Thank you all for your responses. You are incredibly sanguine about the trials you have been through. I guess I don't have a great attitude, and maybe that's why the 4 different urologists have all been nasty and short with me---a mere woman who has quesitons---then again, maybe not. Pain, infection, lack of sleep (I have to sleep 8 to 10 hours a night-just to function), serious operations---simply do not seem like living--- especially, after seeing my father go through this---and dying a year later. Just the results of the first TURBT in Apil kept me in the hospital almost week due to the intolerable spasms in my kidney/ureter. Then I was out of work for 4 weeks from exhaustion due to lack of sleep. Not living. Travel, which is my job-- is out of the question.

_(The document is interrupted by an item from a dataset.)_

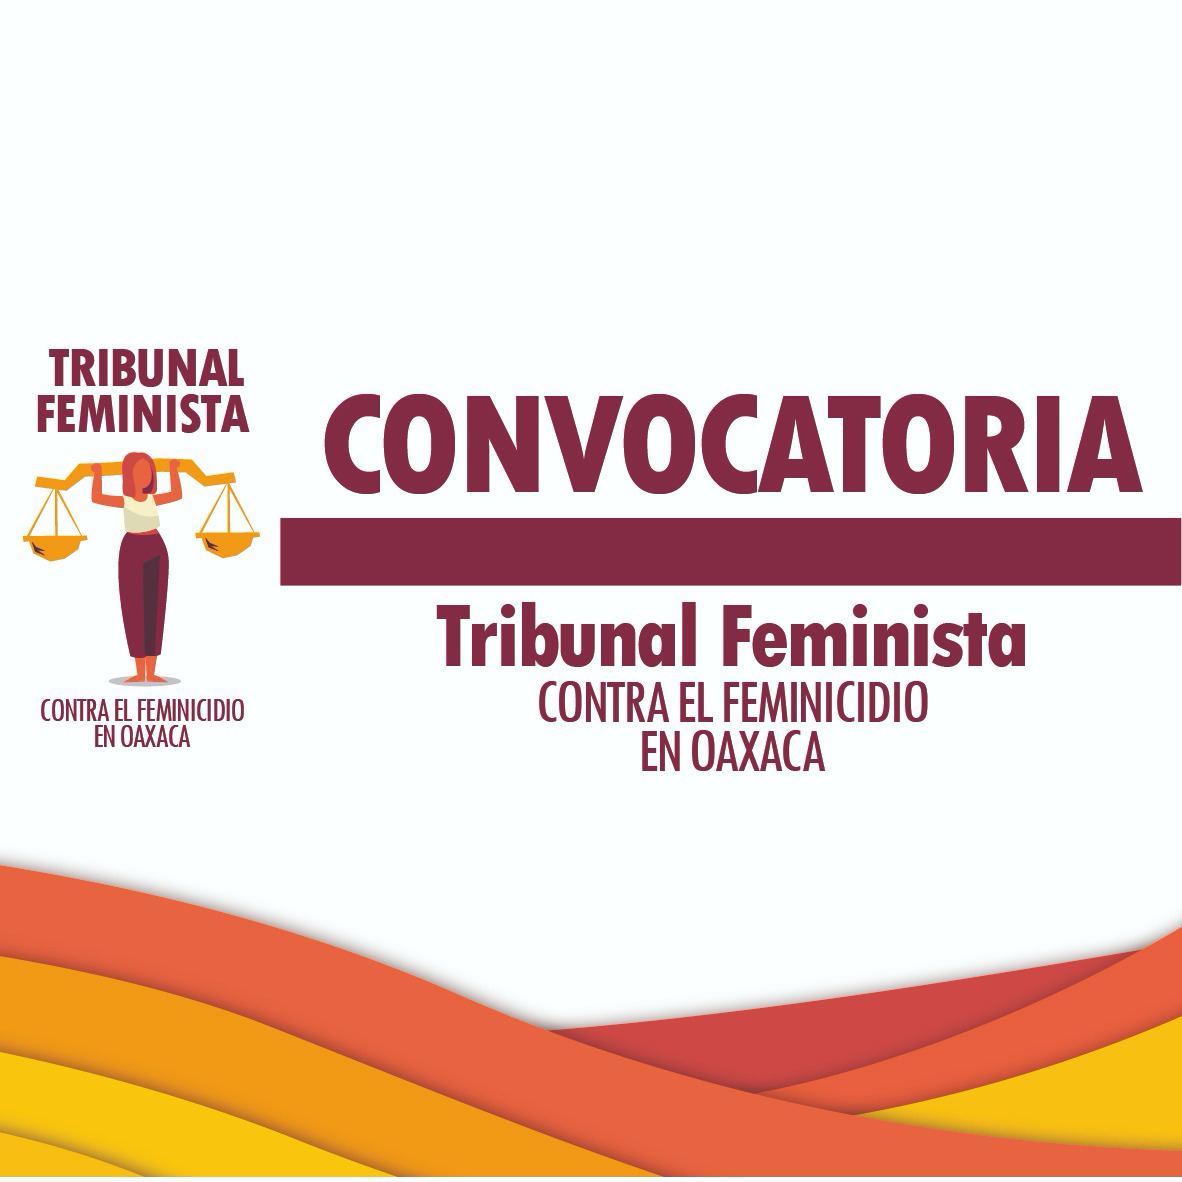 Convocan al Tribunal Feminista contra la Violencia Feminicida en Oaxaca

The most depressing thing of all is that they have made almost no progress in long term survival,new medication, and retention of the bladder in the 20 years since my father died---they just changed the name of the drugs, and the order they're given, and came up with another type of bladder.
It's a disgrace when you realize 1/2 million people have this disease--no fashion shows, walks, runs, parades, makeovers....nada. No specials by
Dr. Oz or a feature segment on The Doctors, because it just isn't fashionable or sexy to be peeing all over yourself. Nightmare doesn't begin to describe it.....again. Happy both my parents are gone, they could never live through this again.